▶ [WHAT IS REQUIRED]: Copy out the full listing below as it stands, with its pictures left behind.

▶ [DATA]:
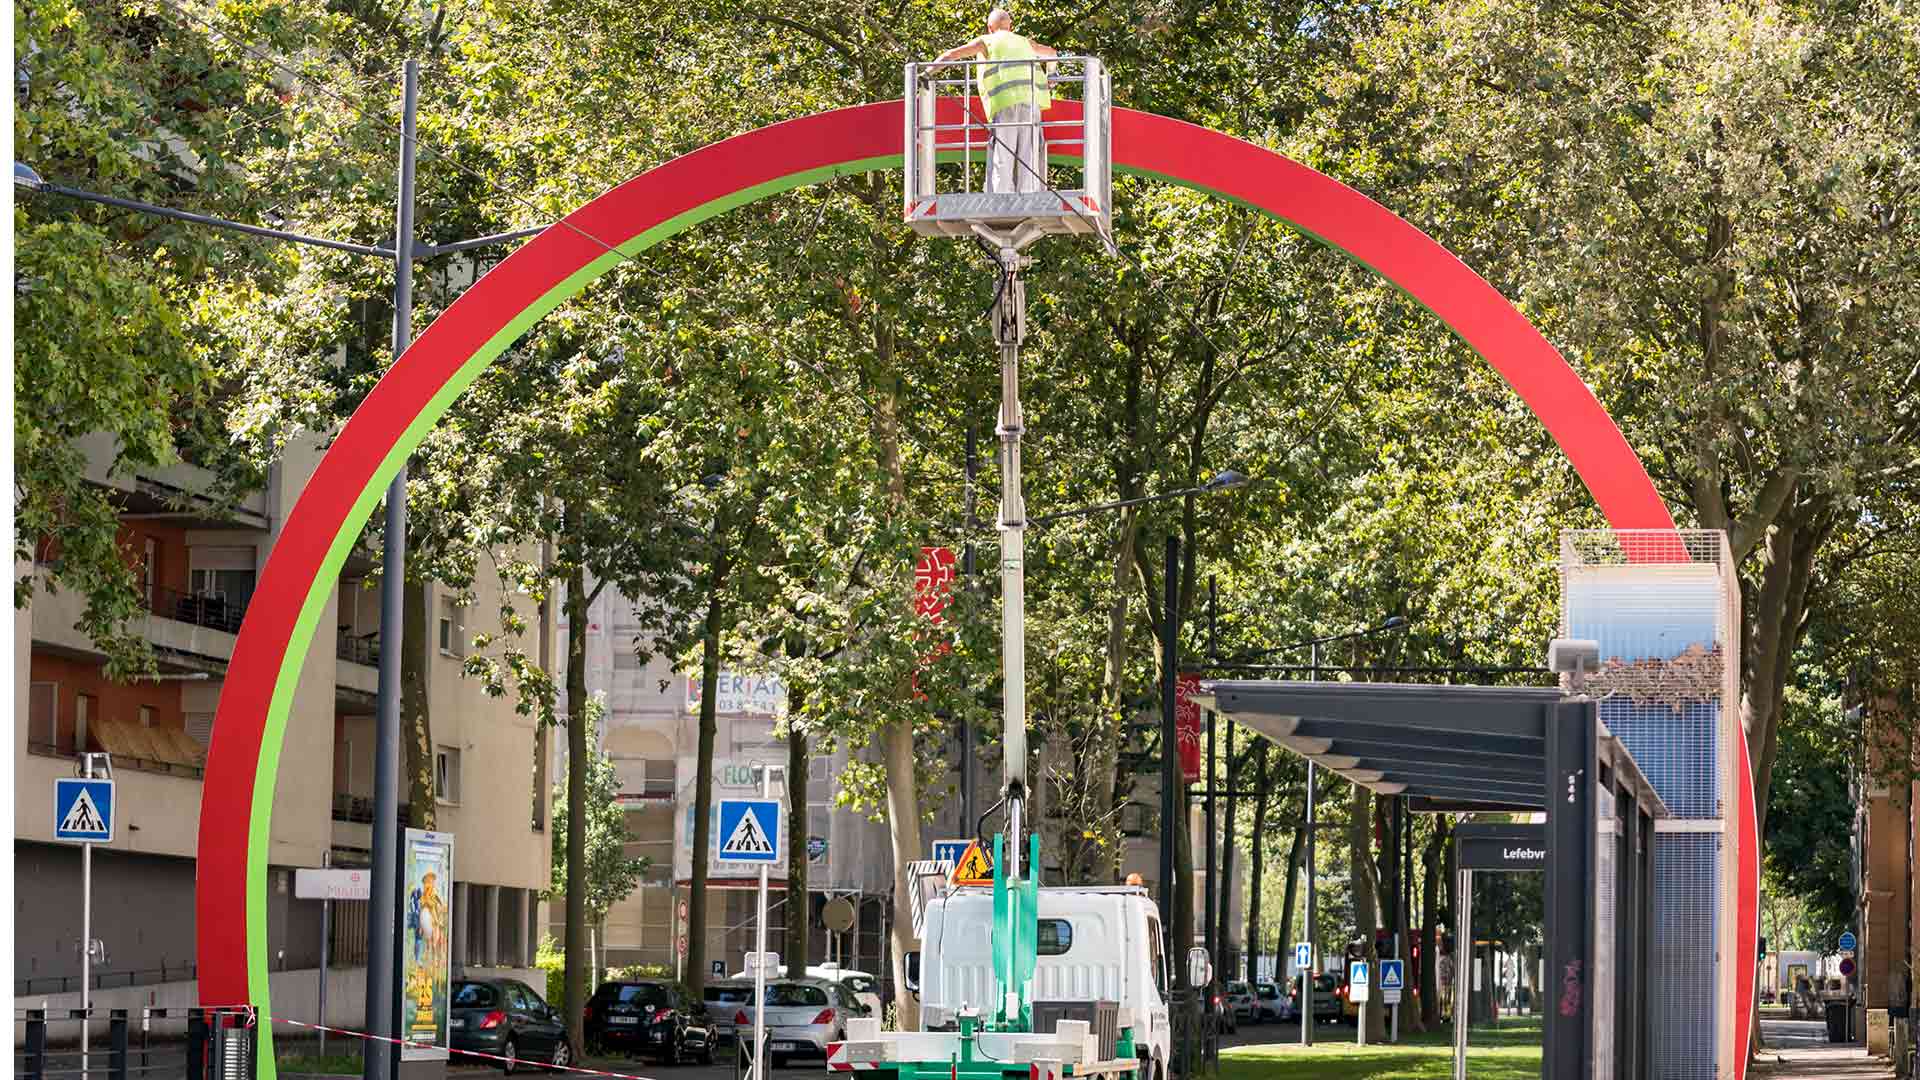 Restauration d'une arche de Buren à Mulhouse à la station de tram "Lefebvre"
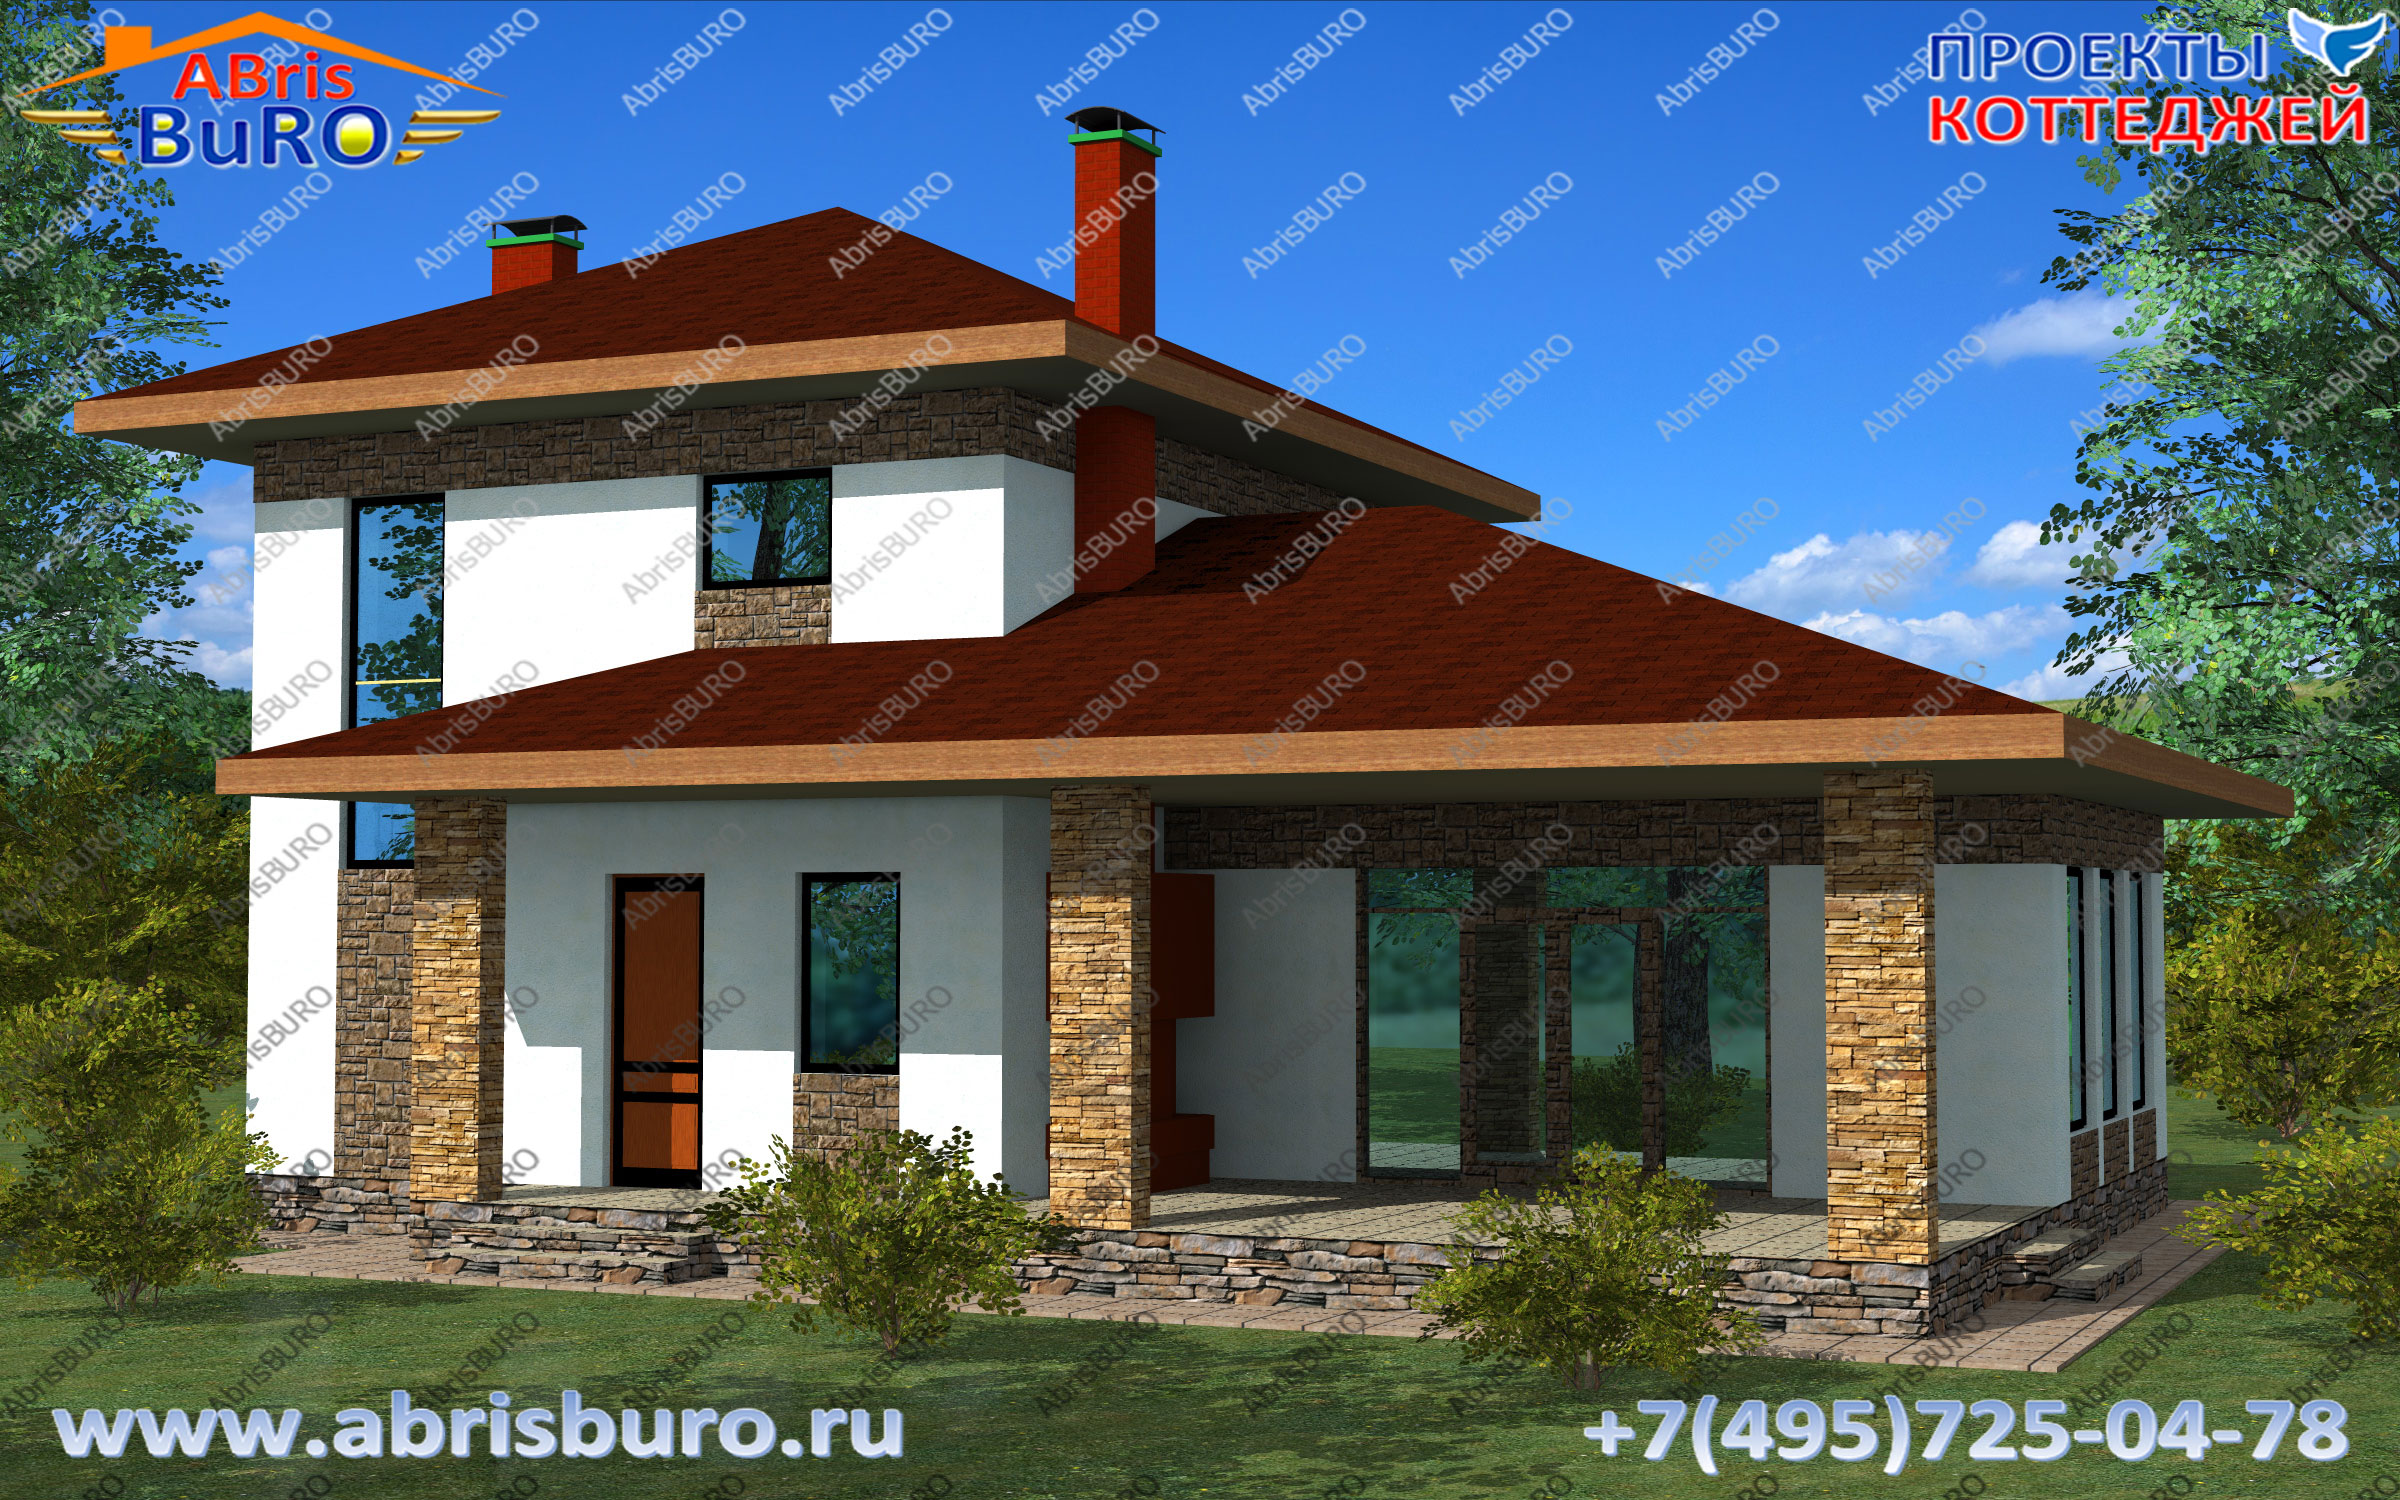 Проекты домов и коттеджей с бассейном на сайте www.abrisburo.ru. 
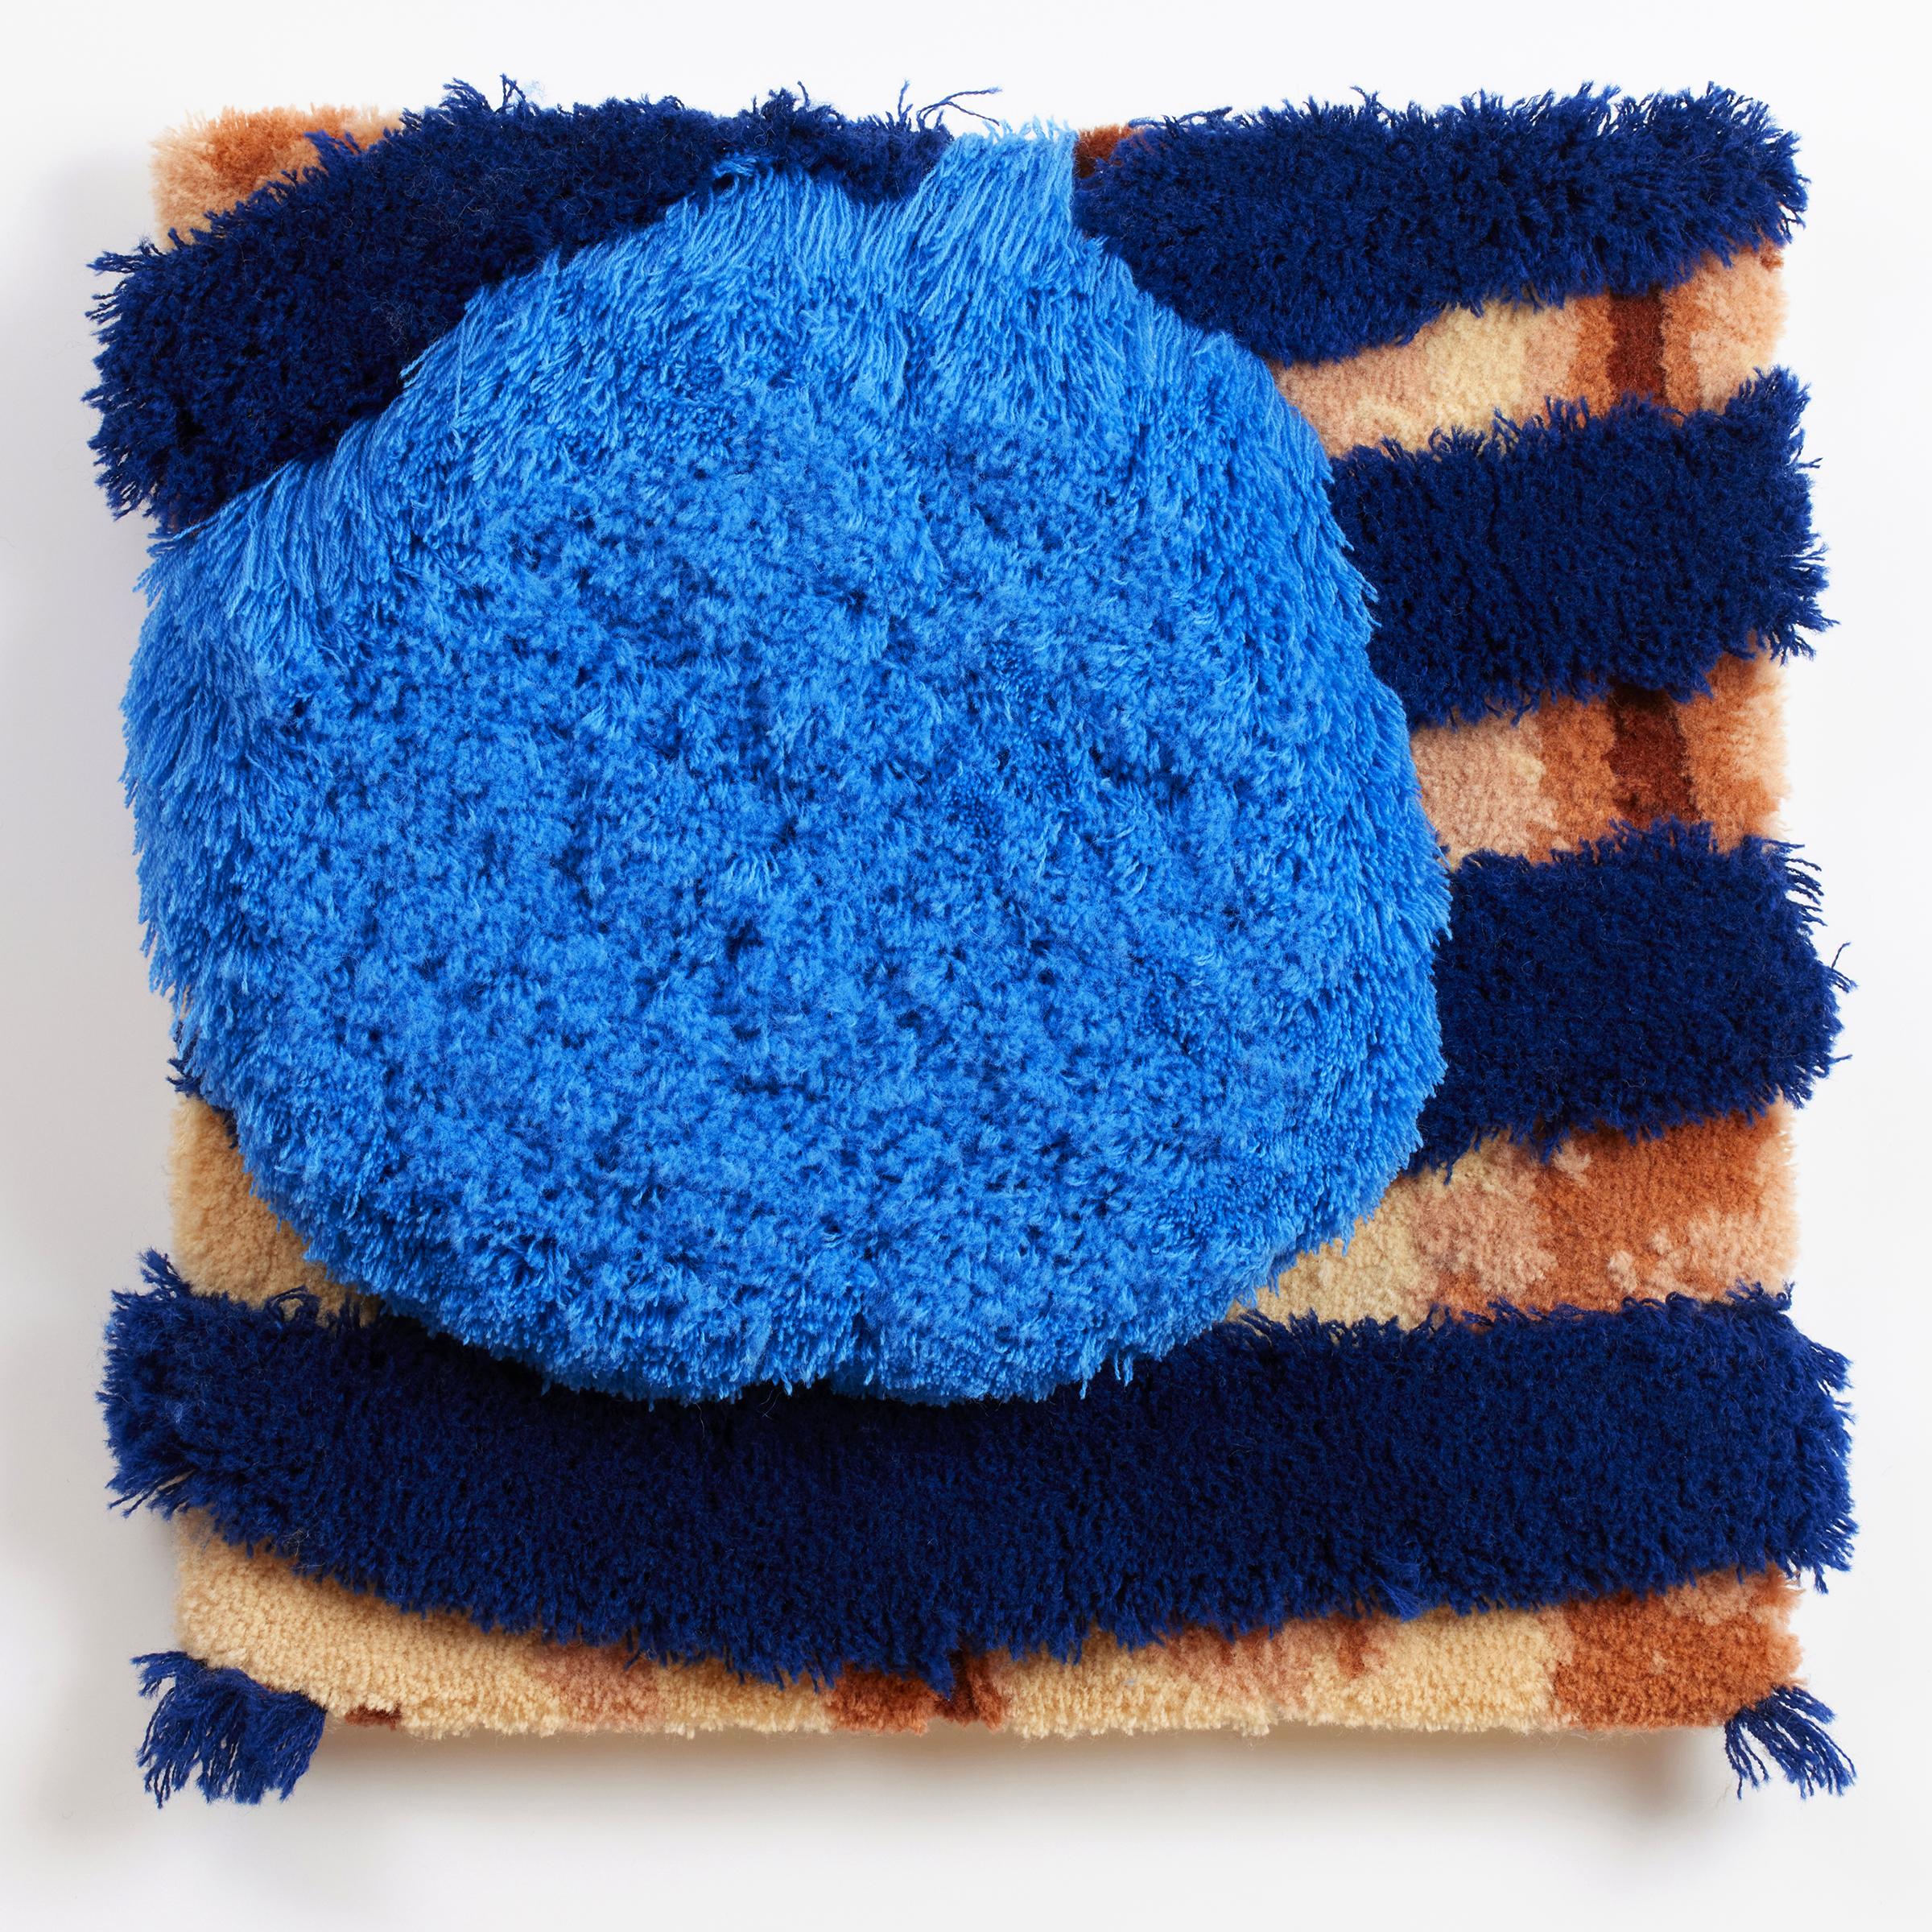 Blue Boy" - zeitgenössische Faserkunst, Textur, Muster, Streifen, Tuft

▶ [WRITTEN REPLY]:
 Restauration d'une arche de Buren à Mulhouse à la station de tram "Lefebvre"
 Проекты домов и коттеджей с бассейном на сайте www.abrisburo.ru. 
 Blue Boy" - zeitgenössische Faserkunst, Textur, Muster, Streifen, Tuft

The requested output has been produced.